A step-by-step synergistic stripping approach toward ultra-thin porous g-C3N4 nanosheets with high conduction band position for photocatalystic CO2 reduction.

The pristine g-C3N4 (BCN) with a low conversion efficiency of CO2 exits with small specific surface area, weak CO2 adsorption and severe recombination of photo-generated charges. The stripping of few-layer g-C3N4 represents excellent photocatalytic performance, which attracts extensive attention in photocatalytic CO2 reduction. In the present study, the ultra-thin porous g-C3N4 (THCN) with high specific surface area and high position of conduction band was prepared using step-by-step synergistic exfoliation. Further, we treated it with HCl-assisted hydrothermal stripping and successive thermal stripping/etching in air. Our results showed that the THCN exhibited the best CO2 conversion efficiency from CO2 to CH4 and CO fuels, compared with g-C3N4 (HCN) prepared by HCl-assisted hydrothermal stripping and g-C3N4 (TCN) prepared by thermal stripping/etching in air.

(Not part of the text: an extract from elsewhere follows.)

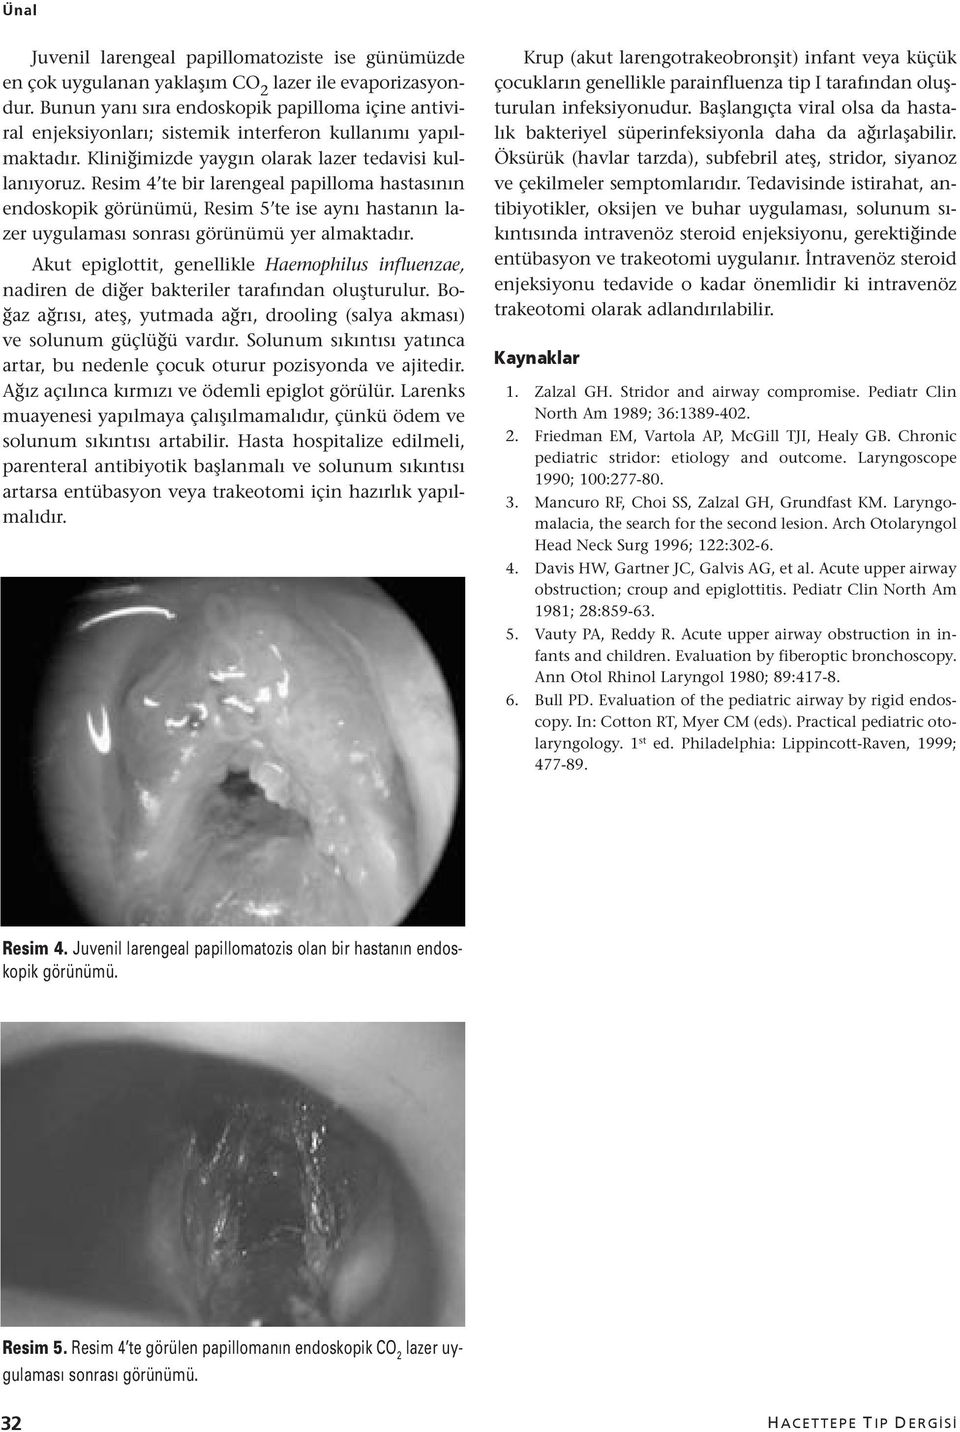 Resim 4 te bir larengeal papilloma hastasının endoskopik görünümü, Resim 5 te ise aynı hastanın lazer uygulaması sonrası görünümü yer almaktadır.

Further, the excellent photocatalytic performance for CO2 reduction was mainly attributed to its high specific surface area and rich pores, excellent separation and utilization efficiency of photo-generated carriers, and upper position of conduction band. Due to its wide band gap and high specific surface area, the THCN also showed significantly better degradation for Rhodamine B than BCN, HCN and TCN. Nonetheless, using a simple two-step stripping strategy, we prepared and obtained an ultra-thin porous g-C3N4 nanosheets with a high specific surface area for CO2 conversion to CH4 and CO fuels. This ultimately provided a reference for preparation of other two-dimensional ultra-thin materials for CO2 reduction.